Tuesday, July 26, 2011

Electric car dream

One of the things about recovering from surgery and living alone: I daydream. I've always been a daydreamer, but lately I'm daydreaming about how I want to create my life after grad school.

I know this:

I want to move to the West Coast, even though it means leaving everything I've  ever known.

I want a hybrid/electric car, not just any car, I want the electric Tesla Roadster in bright green.

Reality check: I really am going to move west. If you follow the blog, you may even be able to come along with me. And the Tesla Roadster starts at about $111,000. That I don't have. It's an awesome car: lots of pickup, wicked style, quiet, safe and good for the environment. It can go 245 miles on one charge. I can live with that. It's small, but so am I. I think we'd make a perfect fit. It's a great daydream.

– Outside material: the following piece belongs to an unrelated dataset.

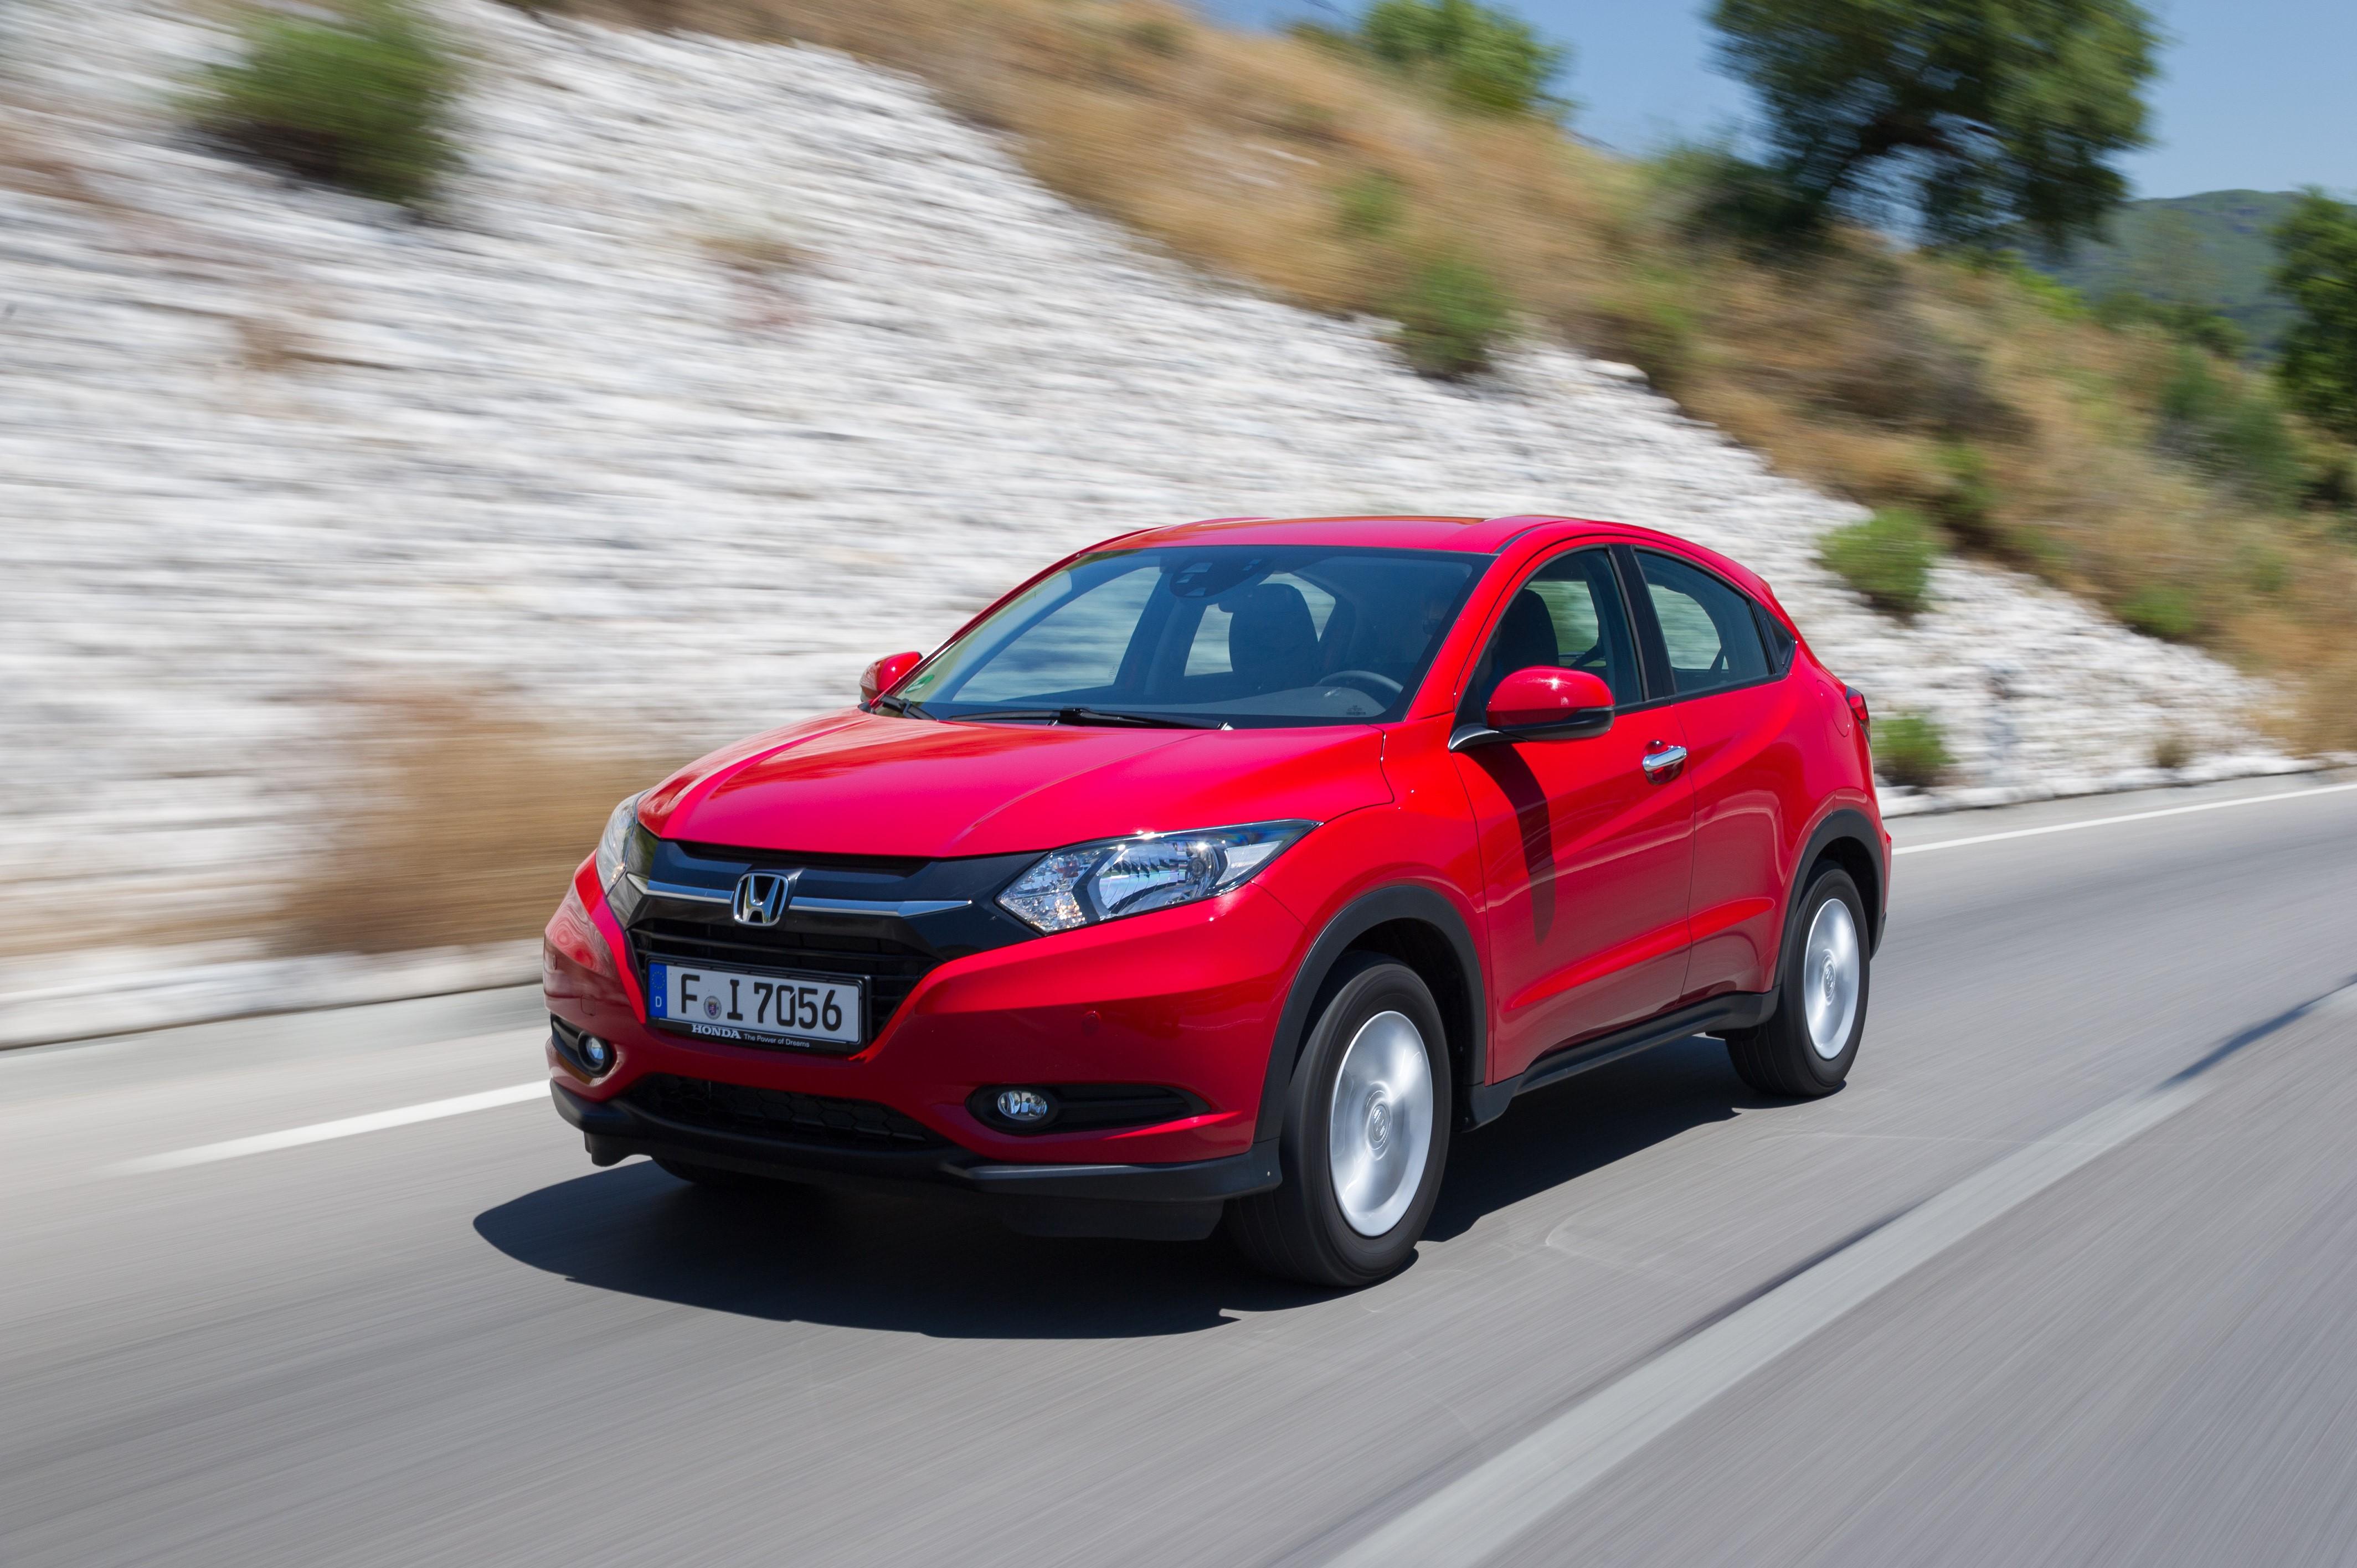 Honda'dan CR-V'de taksit öteleme, HR-V'de özel fiyat ve Type R'da sabit kur fırsatı

The problem with my electric car dream (aside from price) is that I can't seem to let it go. I find myself plotting, trying to figure out how I could come up with an extra hundred thou. A heretofore unknown rich relative who dies (I'm sorry) and leaves me the money? A lottery win? (I should probably buy some lottery tickets.) A sugar daddy to fund my ride? (I'm ok with the ride; it's the man who doesn't fit in with my dream.) Or maybe I should just start saving my pennies. Not!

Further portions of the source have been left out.